"""
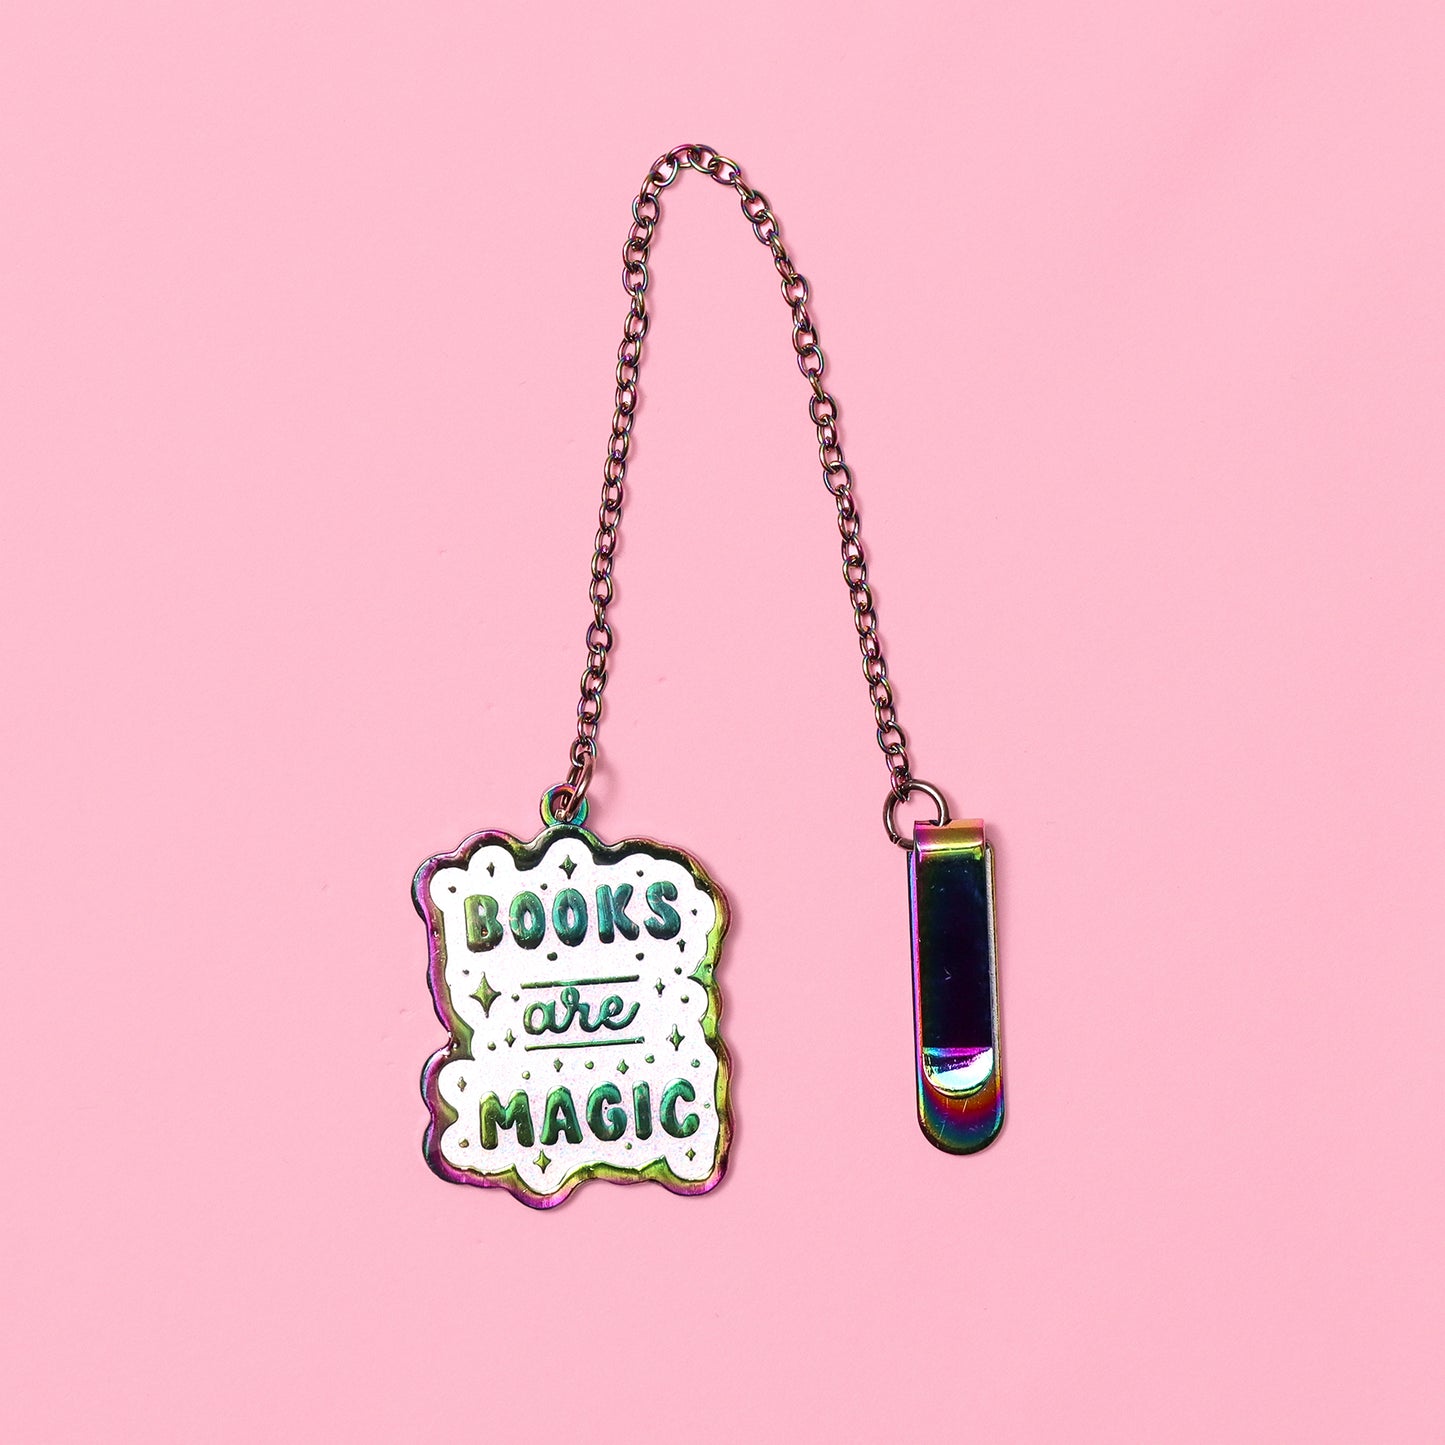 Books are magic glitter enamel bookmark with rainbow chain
"""
"""
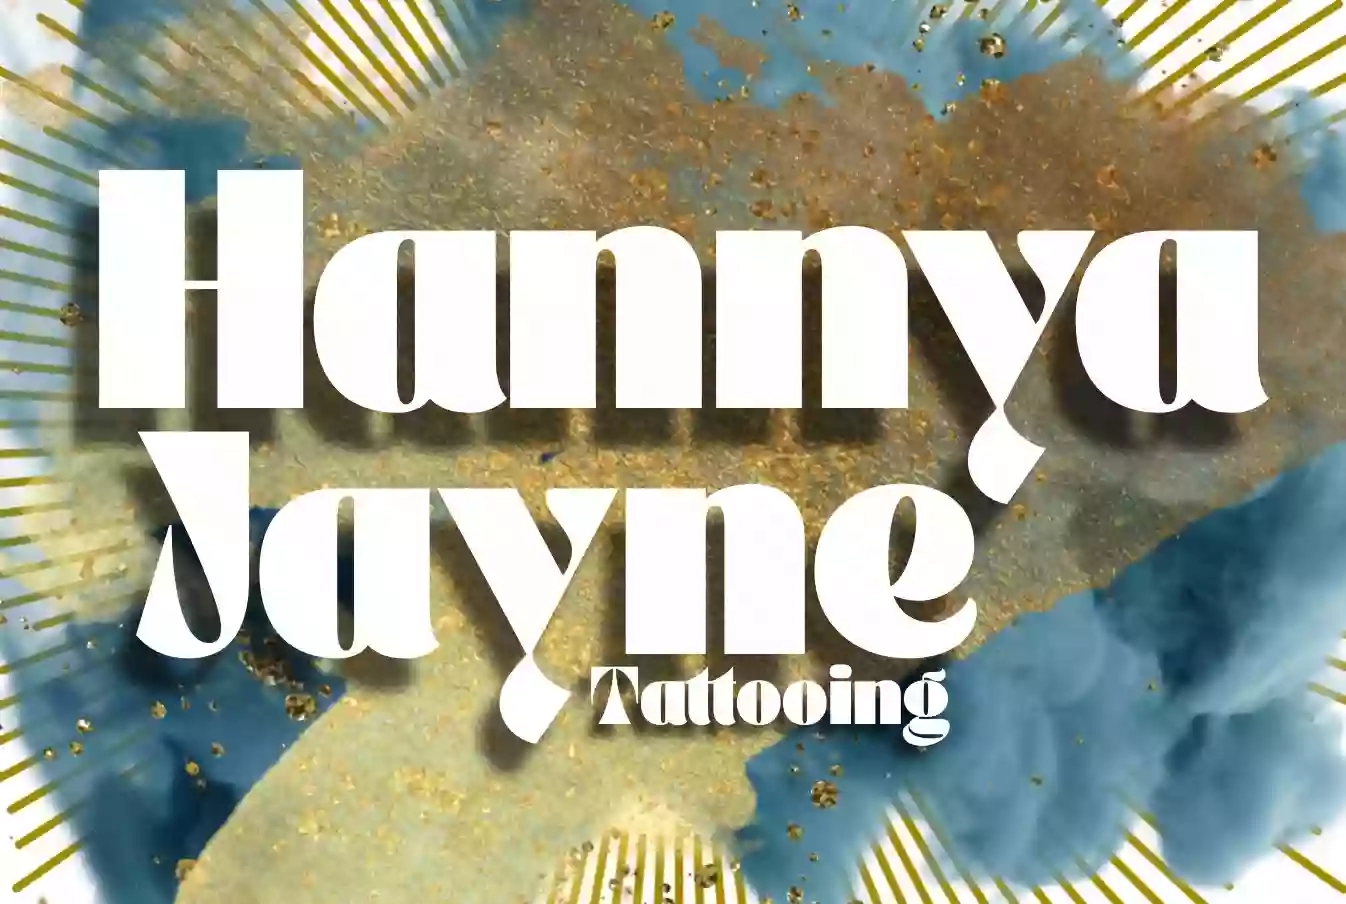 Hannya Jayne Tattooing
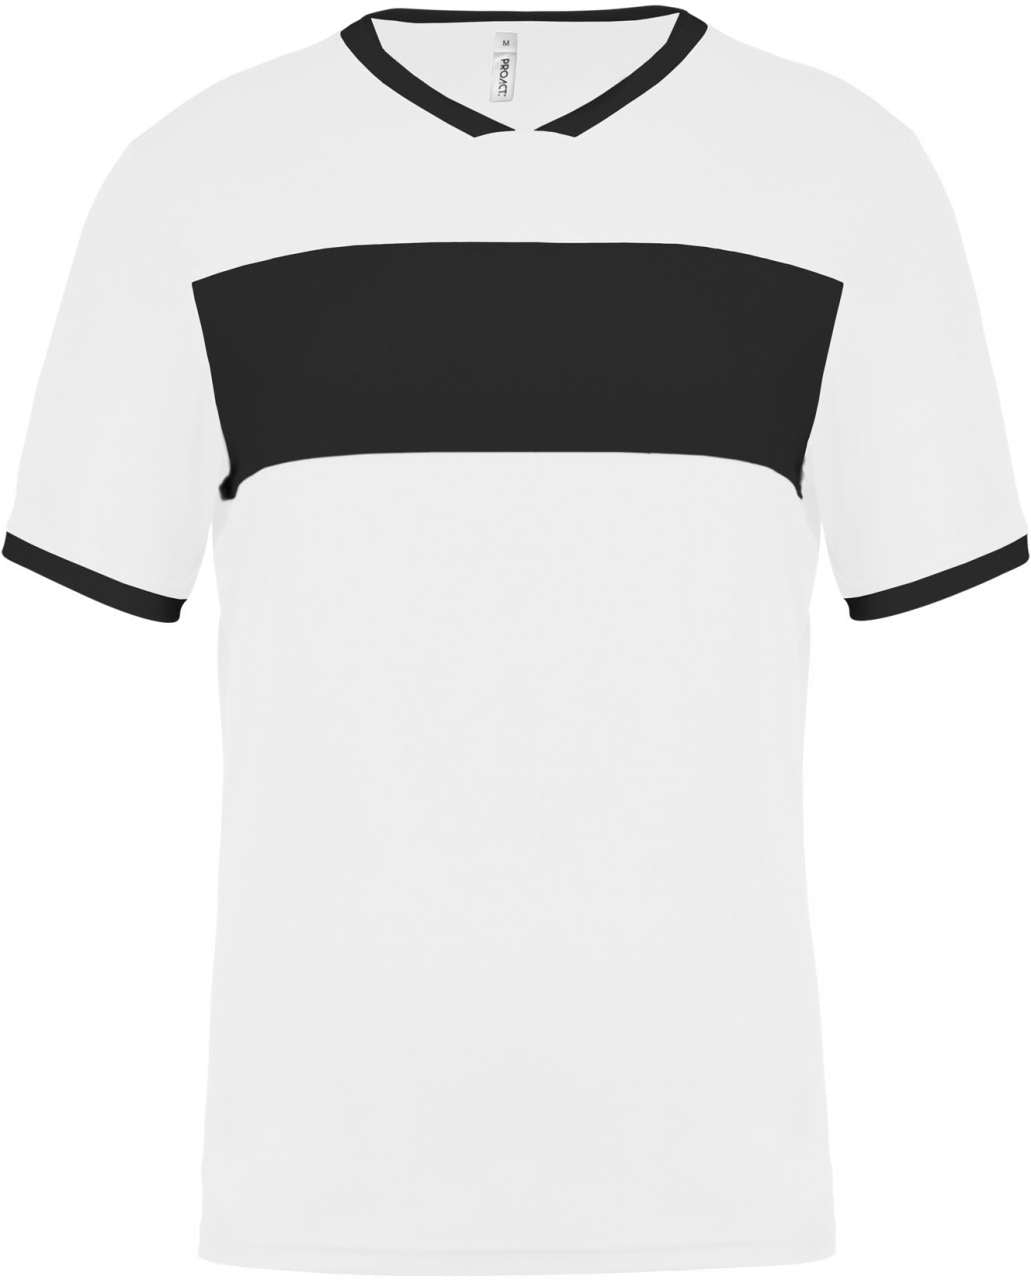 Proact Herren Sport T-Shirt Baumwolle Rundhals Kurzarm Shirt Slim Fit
"""
Look above for the line holding "Hannya Jayne Tattooing" and output everything from it down to the line holding "Proact Herren Sport", both ends included, exactly and without images.

-- Result for this exercise --
 Hannya Jayne Tattooing
 Proact Herren Sport T-Shirt Baumwolle Rundhals Kurzarm Shirt Slim Fit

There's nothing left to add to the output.